Mahasiswa Menolak Gelar Pahlawan untuk Soeharto sebagai Tokoh Penindasan

Jurnalis Berita

By Jurnalis Berita

Figur Presiden keenam Republik Indonesia, Soeharto, selalu menjadi subjek perdebatan dalam masyarakat. Beberapa pihak mendukungnya, sementara yang lain mengkritik gaya kepemimpinannya.

Dukungan terhadap Soeharto terlihat dari berbagai gerakan, termasuk ungkapan populer “Enak Jamanku to?”.

Namun, terdapat juga kelompok yang menentang kekuasaannya, khususnya dalam konteks masa Orde Baru.

Debat ini semakin hangat setelah pemerintah mendeklarasikan Soeharto sebagai pahlawan nasional.

Salah satu pendapat yang kritis datang dari aktivis Badan Eksekutif Mahasiswa (BEM) Nusantara Wilayah Jawa Barat. Mereka menyoroti keputusan itu dianggap mengganggu semangat Reformasi 1998, gerakan yang berhasil mengakhiri rezim Orde Baru.

Yusa Anwarun Naja, bendahara daerah BEM Nusantara Jawa Barat, menyebut keputusan pemerintah sebagai pengkhianatan terhadap perjuangan mahasiswa dan rakyat yang pernah menumbangkan rezim otoriter.

“Jika Soeharto disebut pahlawan, maka siapa kita yang menurunkannya? Apakah mahasiswa, rakyat, dan korban penindasan itu kini dianggap penjahat sejarah?” ujar Yusa kepada Radar, Rabu (12/11/2025).

Menurutnya, penetapan Soeharto bukan hanya penghargaan, melainkan upaya membangun counter history yang dapat menghilangkan ingatan kolektif bangsa tentang luka-luka sejarah.

Yusa juga menegaskan bahwa prestasi Soeharto dalam pembangunan ekonomi tidak bisa menutupi catatan pelanggaran HAM, korupsi, dan pembatasan kebebasan selama 32 tahun kekuasaannya.

“Pahlawan sejati bukan yang membangun atas dasar ketakutan, tetapi yang berdiri bersama rakyat dan menolak tunduk pada ketidakadilan. Mengangkat Soeharto sebagai pahlawan tanpa kejujuran sejarah adalah bentuk pembenaran terhadap penindasan masa lalu,” katanya.

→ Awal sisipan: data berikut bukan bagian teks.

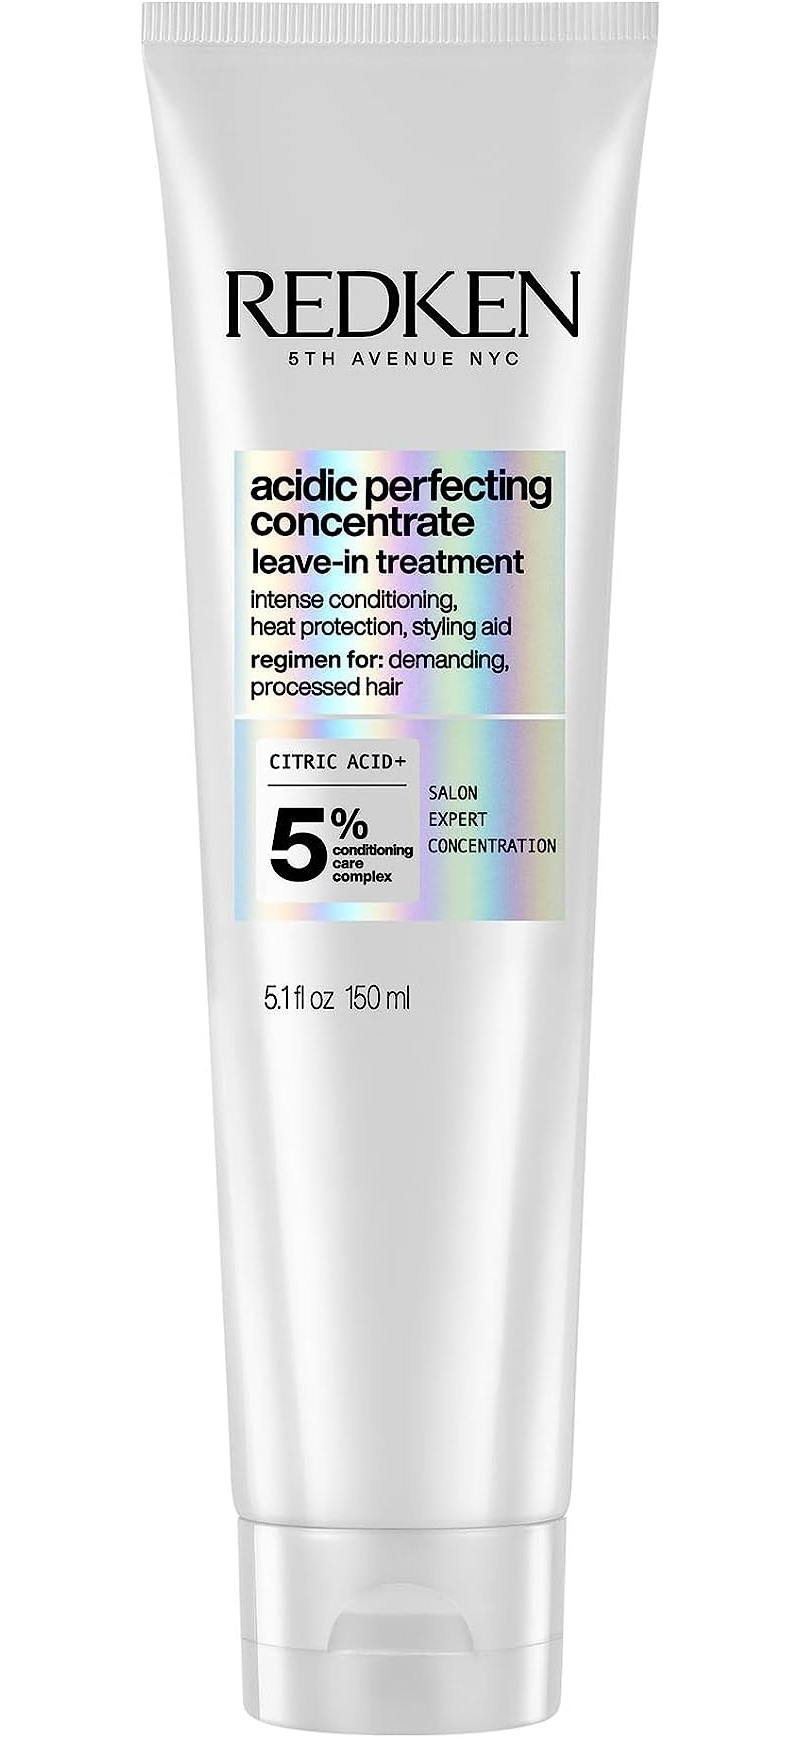 redken acidic perfecting leave-in treatment lotion 150ml

Ia juga menekankan bahwa keputusan itu bisa menipiskan nilai-nilai reformasi yang diperjuangkan mahasiswa pada 1998.

“Kita menolak untuk melupakan. Lupa adalah awal dari pembenaran penindasan. Sejarah tidak boleh ditulis ulang demi kepentingan politik,” ujar Yusa.

Debat ini mengajak masyarakat untuk mempertimbangkan bagaimana sejarah seharusnya ditulis dan diingat. Memahami masa lalu dengan jujur adalah langkah penting untuk menghindari pengulangan kesalahan. Reformasi bukan hanya tentang perubahan politik, tetapi juga tentang kesadaran kolektif untuk menjaga nilai-nilai demokrasi dan kesejahteraan rakyat.